I did telephone tech support in an Austin boiler room for awhile and used the decimal IP notation I'd learned from my ISP days a lot. Sometimes accessing a customer's router home page is a must and there is no connectivity for name lookups. Elderly people have trouble with dots and numbers, or they add spaces, or any number of things.

Instead of directing them to 192.168.0.1 I'd tell them to enter 3232235521 and it would get the same place. My supervisor called me into the office because someone heard me doing it while snooping a call and it freaked them out.


One character shorter, so that's somewhat helpful. However, wouldn't requiring to type the http:// prefix still kill the simplification enough to make this not even bothering with? Otherwise, both Chrome and Firefox will do a google search for the decimal number.
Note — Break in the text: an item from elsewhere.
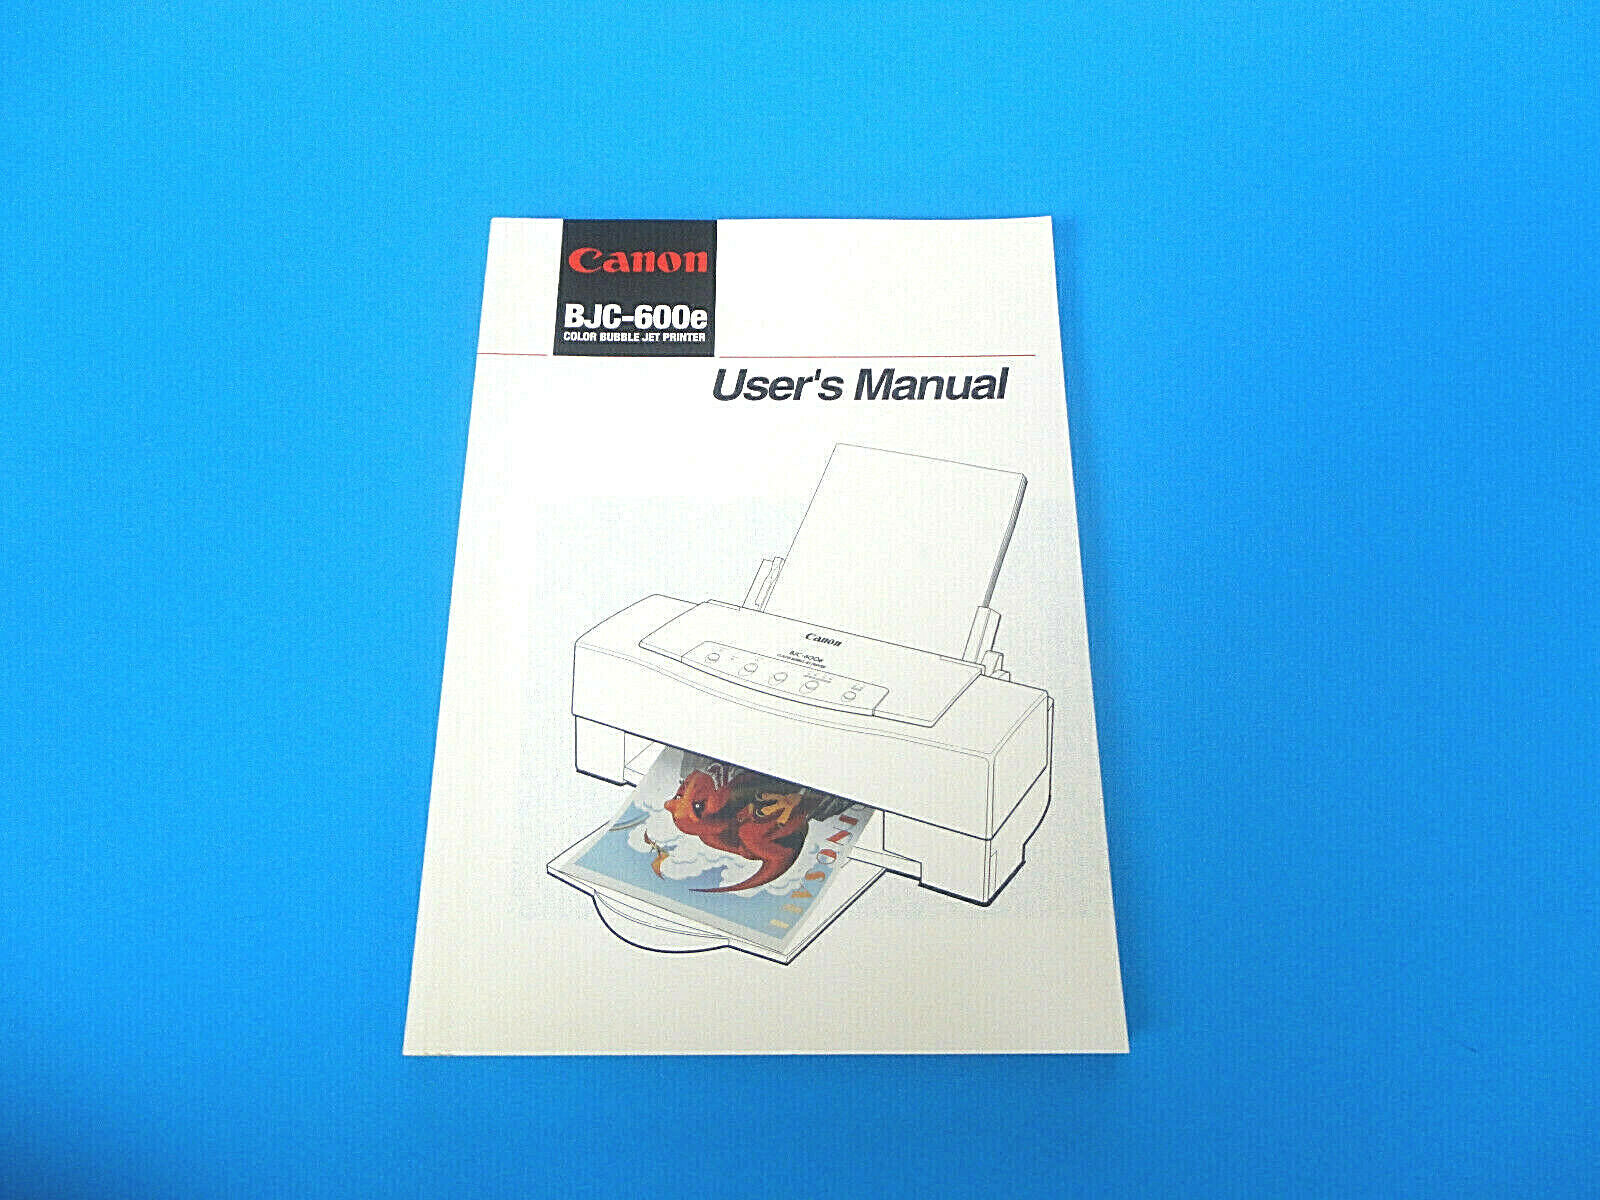  CANON BJC-600e Color Bubble Jet Printer User\'s Manual 1994

You could just add a forward slash to the end of it instead of adding the protocol, i.e. 3232235521/


I discovered the hard way that a library I was using would parse an IP address in a URL like 192.168.000.077 as 192.168.0.63. Yeah... it treated leading zeros as octal in individual components of the IP. Lots of fun to track down.


It’s always annoyed me that IPv4 addresses are valid DNS names. Unnecessary confusion and software workarounds to deal with it.


Back in the dark past of the late 1980s/early 1990s, "[x.x.x.x]" used to be a convention to force parsing as an IP address rather than a DNS name. I have no idea where this convention came from, or where it went to, but it seems to have completely vanished since.

It's possible that it was a UK-specific convention that was borne from JANET but I don't know; I do know that PAD and CPAD addresses (from X.25) were more common on JANET than IP addresses, so that seems unlikely.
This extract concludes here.